The computing device 1200 may store data on the mass storage device 1228 by transforming the physical state of the physical storage units to reflect the information being stored. The specific transformation of a physical state may depend on various factors and on different implementations of this description. Examples of such factors may include, but are not limited to, the technology used to implement the physical storage units and whether the mass storage device 1228 is characterized as primary or secondary storage and the like.

For example, the computing device 1200 may store information to the mass storage device 1228 by issuing instructions through a storage controller 1224 to alter the magnetic characteristics of a particular location within a magnetic disk drive unit, the reflective or refractive characteristics of a particular location in an optical storage unit, or the electrical characteristics of a particular capacitor, transistor, or other discrete component in a solid-state storage unit. Other transformations of physical media are possible without departing from the scope and spirit of the present description, with the foregoing examples provided only to facilitate this description. The computing device 1200 may further read information from the mass storage device 1228 by detecting the physical states or characteristics of one or more particular locations within the physical storage units.

In addition to the mass storage device 1228 described above, the computing device 1200 may have access to other computer-readable storage media to store and retrieve information, such as program modules, data structures, or other data. It should be appreciated by those skilled in the art that computer-readable storage media may be any available media that provides for the storage of non-transitory data and that may be accessed by the computing device 1200.

By way of example and not limitation, computer-readable storage media may include volatile and non-volatile, transitory computer-readable storage media and non-transitory computer-readable storage media, and removable and non-removable media implemented in any method or technology. Computer-readable storage media includes, but is not limited to, RAM, ROM, erasable programmable ROM (“EPROM”), electrically erasable programmable ROM (“EEPROM”), flash memory or other solid-state memory technology, compact disc ROM (“CD-ROM”), digital versatile disk (“DVD”), high definition DVD (“HD-DVD”), BLU-RAY, or other optical storage, magnetic cassettes, magnetic tape, magnetic disk storage, other magnetic storage devices, or any other medium that may be used to store the desired information in a non-transitory fashion.

A mass storage device, such as the mass storage device 1228 depicted in FIG. 12, may store an operating system utilized to control the operation of the computing device 1200. The operating system may comprise a version of the LINUX operating system.
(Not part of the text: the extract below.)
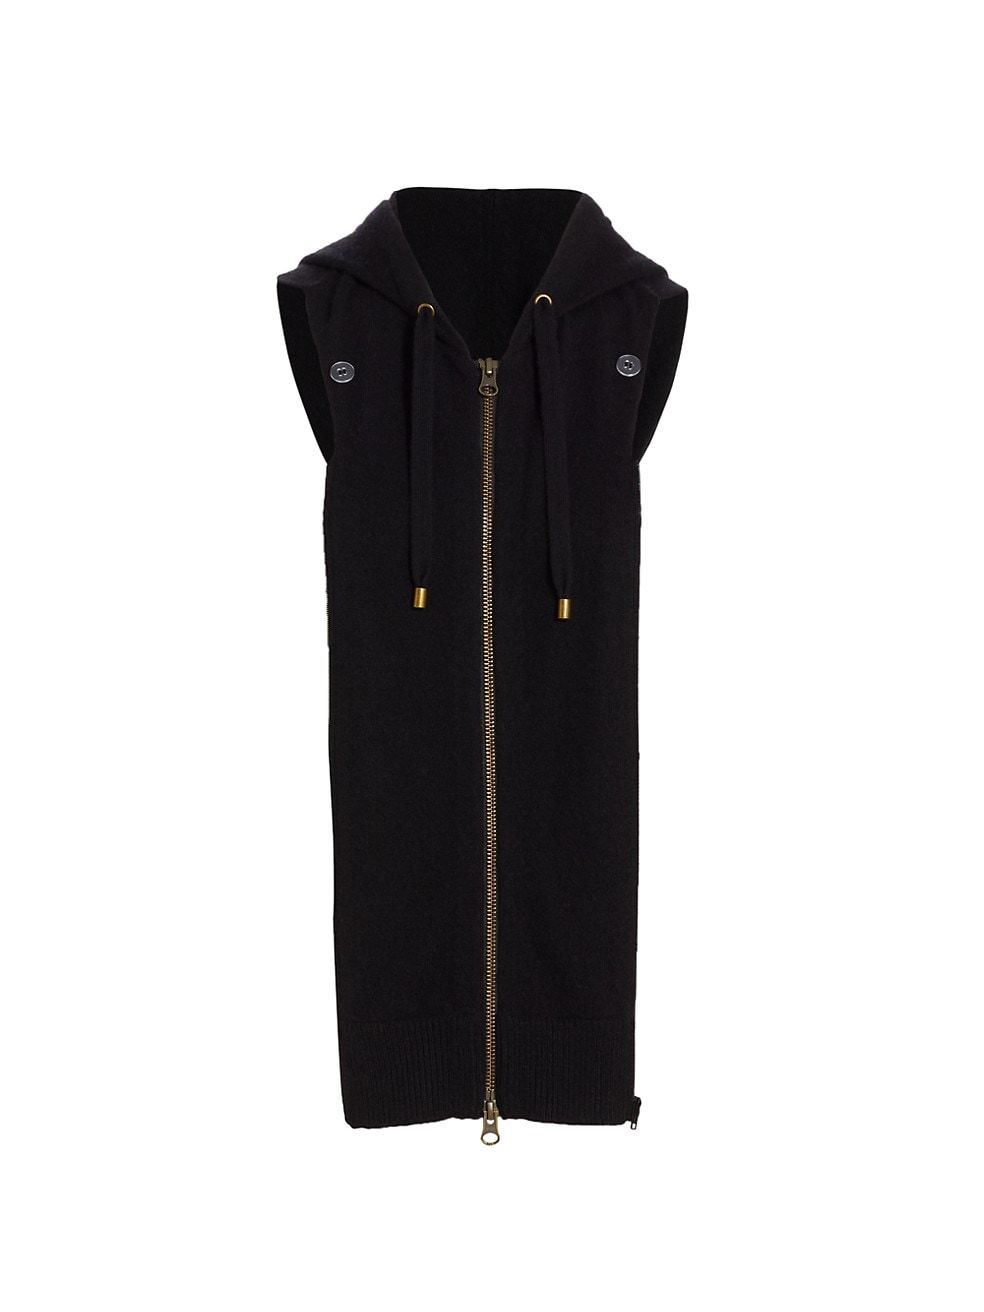 Hooded Cashmere Dickie | Saks Fifth Avenue

The operating system may comprise a version of the WINDOWS SERVER operating system from the MICROSOFT Corporation. According to further aspects, the operating system may comprise a version of the UNIX operating system. Various mobile phone operating systems, such as IOS and ANDROID, may also be utilized. It should be appreciated that other operating systems may also be utilized. The mass storage device 1228 may store other system or application programs and data utilized by the computing device 1200.
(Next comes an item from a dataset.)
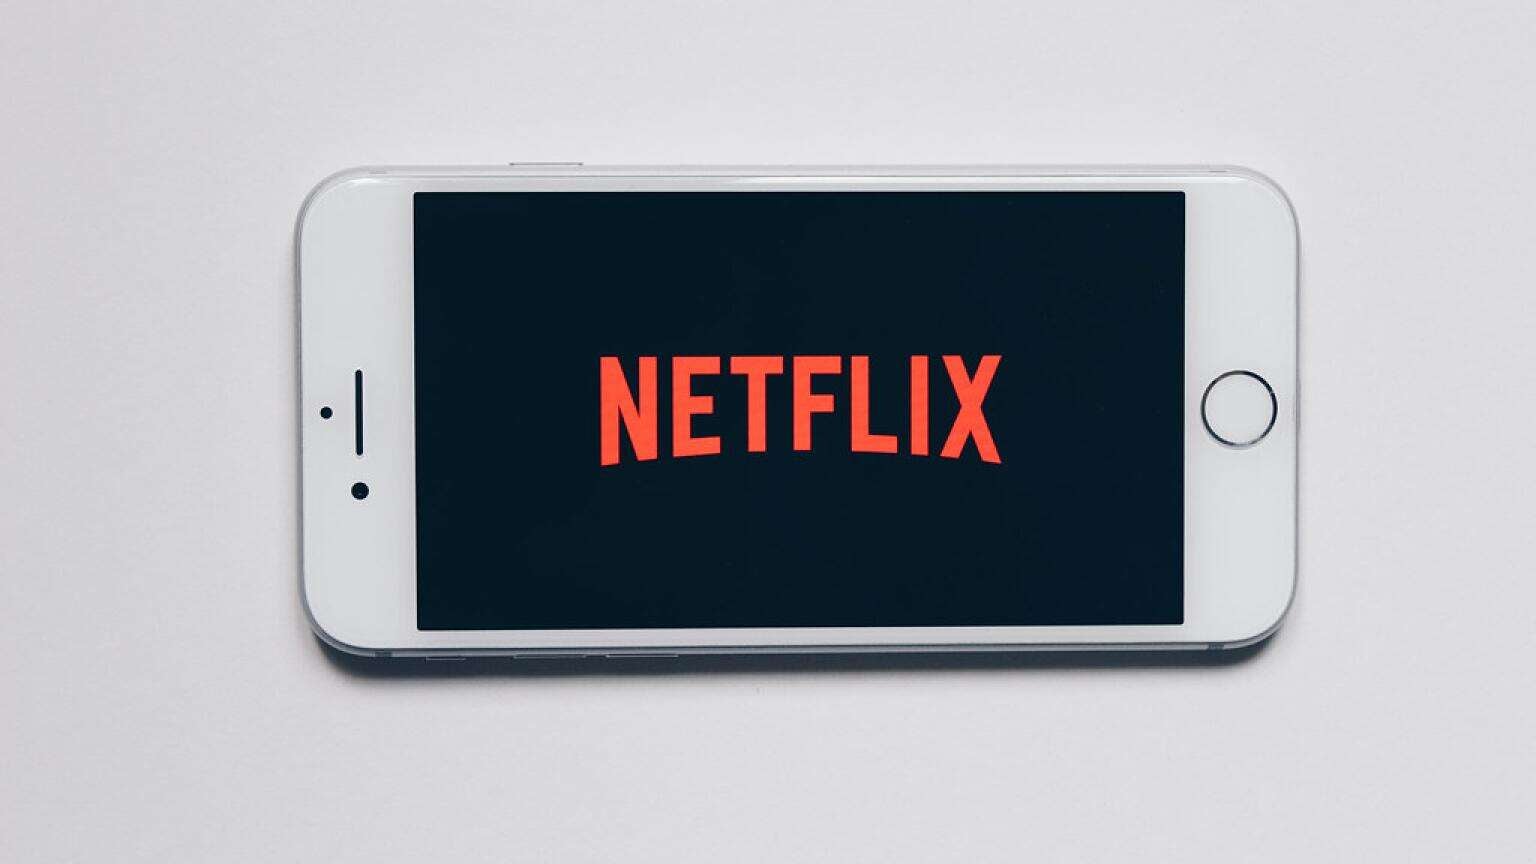 Netflix May Introduce Personalized Targeted Ads, But Not Right Away

The mass storage device 1228 or other computer-readable storage media may also be encoded with computer-executable instructions, which, when loaded into the computing device 1200, transforms the computing device from a general-purpose computing system into a special-purpose computer capable of implementing the aspects described herein. These computer-executable instructions transform the computing device 1200 by specifying how the CPU(s) 1204 transition between states, as described above. The computing device 1200 may have access to computer-readable storage media storing computer-executable instructions, which, when executed by the computing device 1200, may perform the methods described herein.

A computing device, such as the computing device 1200 depicted in FIG. 12, may also include an input/output controller 1232 for receiving and processing input from a number of input devices, such as a keyboard, a mouse, a touchpad, a touch screen, an electronic stylus, or other type of input device. Similarly, an input/output controller 1232 may provide output to a display, such as a computer monitor, a flat-panel display, a digital projector, a printer, a plotter, or other type of output device. It will be appreciated that the computing device 1200 may not include all of the components shown in FIG. 12, may include other components that are not explicitly shown in FIG. 12, or may utilize an architecture completely different than that shown in FIG. 12.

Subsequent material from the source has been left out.